Selon la décision T 316/13, il est attendu d'un mandataire européen qu'il connaisse les dispositions de la CBE quant aux moyens de droit à sa disposition pour remédier à un non-respect des délais, quand bien même il n'aurait jusqu'alors jamais eu à faire face à une telle difficulté, sans attendre que la chambre de recours lui indique expressément la conduite à tenir.
(ii) Exceptions à la règle selon laquelle une erreur de droit ou une interprétation erronée ne peut pas être excusée
Dans la décision T 624/96, la chambre a fait part de doutes quant à la nature de l'erreur initiale, qui portait sur le calcul du délai prévu dans la CBE pour déposer le mémoire de recours. L'erreur en question pouvait apparaître comme une "erreur de droit", due à l'ignorance des règles de la Convention ou à une mauvaise interprétation de ces règles, au sens par exemple des décisions J 31/89 ou T 853/90. Cependant, compte tenu des circonstances, la chambre a conclu que l'existence d'une telle "erreur de droit" par le mandataire pouvait être écartée en l'espèce. Le mandataire avait invoqué un précédent recours où il représentait le même demandeur, démontrant ainsi qu'il avait bien une certaine pratique de la procédure de recours. De plus, le mandataire a joint des copies de programmes de stages de formation comportant des exposés qu'il avait faits sur le brevet européen et la procédure devant l'OEB. Pour ces raisons, une méconnaissance de la Convention par le mandataire pouvant entraîner une erreur de droit dans le calcul des délais pour le dépôt du mémoire exposant les motifs du recours peut être écartée.

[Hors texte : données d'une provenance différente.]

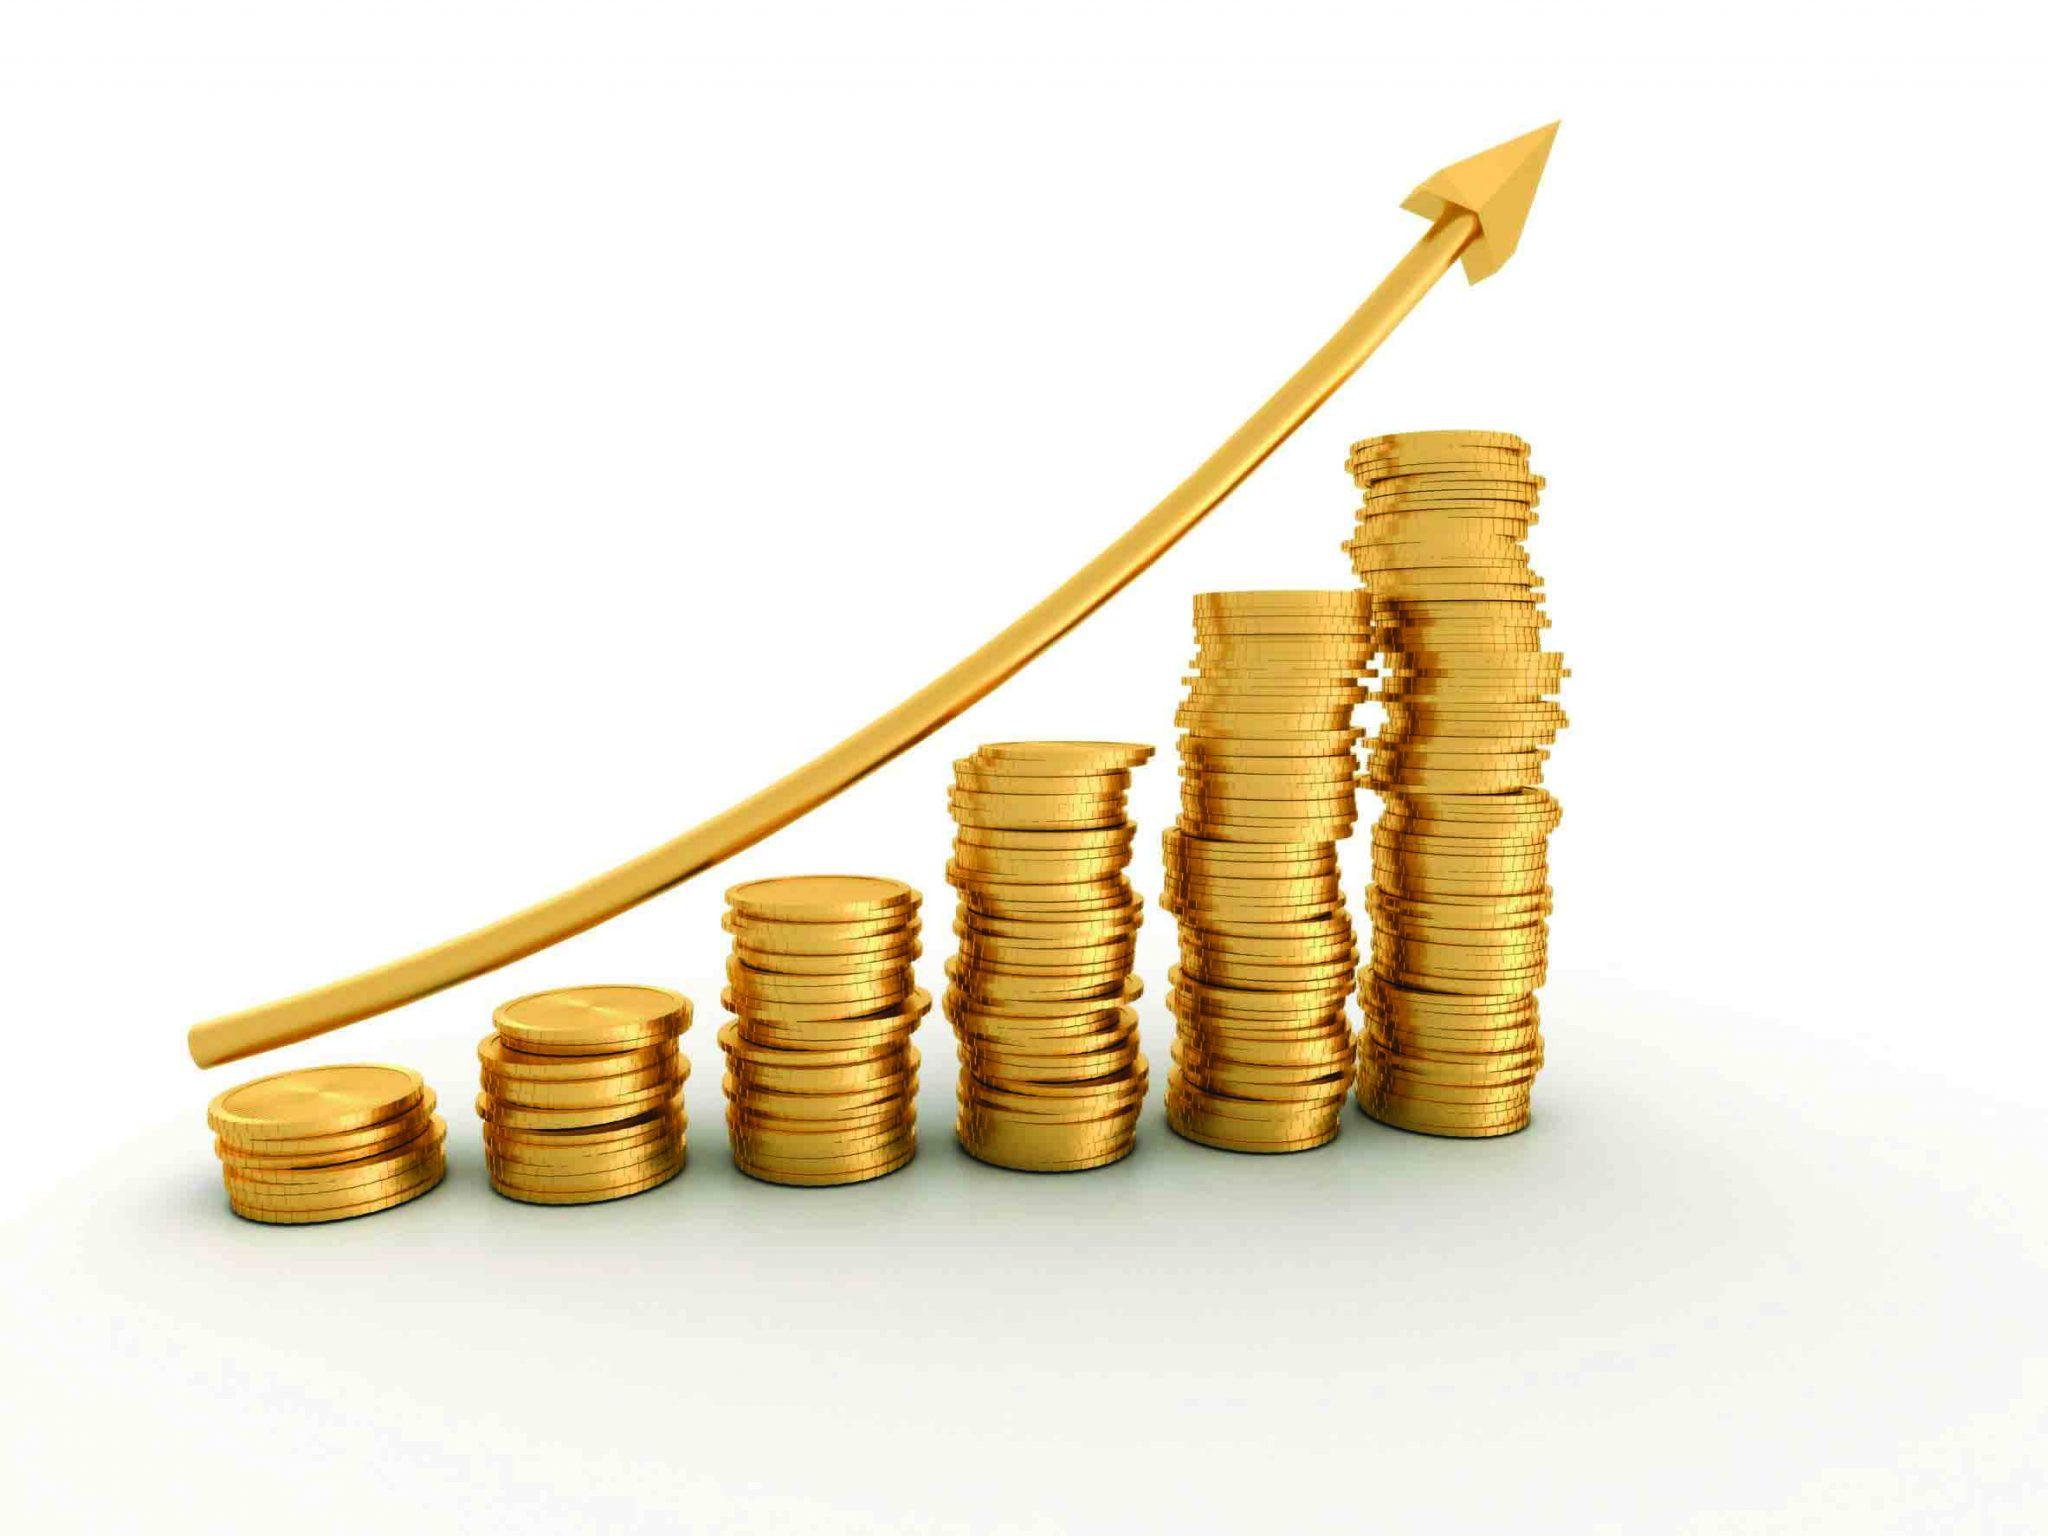 استراتژیهای توسعه اقتصادی کشورهای مختلف جهان(1)- پایگاه اینترنتی دانستنی ایران

Dans l'affaire J 28/92, la chambre juridique a estimé que l'interprétation erronée qu'un mandataire avait faite d'une disposition de la CBE n'était ni dénuée de fondement, ni déraisonnable. Aussi a-t-elle considéré qu'il n'y avait aucune raison de pénaliser le mandataire parce qu'il avait donné d'une règle de la Convention une interprétation qui, si elle s'avéra par la suite erronée, n'en était pas pour autant déraisonnable. L'interprétation donnée par le mandataire d'une disposition juridique de la CBE n'était ni la cause, ni la conséquence du fait qu'il n'avait pas été fait preuve de toute la vigilance nécessitée par les circonstances. Dans l'affaire T 493/08, la chambre a suivi l'opinion exprimée dans la décision J 28/92 et indiqué qu'il peut y avoir des exceptions à la règle selon laquelle une erreur de droit n'est pas excusable, ces exceptions ne pouvant toutefois être admises que sur la base de critères rigoureux.
Dans la décision J 13/13, la chambre de recours juridique a confirmé qu'une erreur de droit peut être considérée comme excusable dans des conditions strictes, notamment en cas de divergences d'opinions et de doutes légitimes concernant l'interprétation d'une disposition. Selon la chambre, de tels doutes et divergences d'opinions ne sont légitimes que si, après un examen approfondi tenant compte de la jurisprudence des chambres de recours, aucune interprétation objectivement univoque ne se dégage et que l'interprétation considérée après coup comme erronée paraît défendable.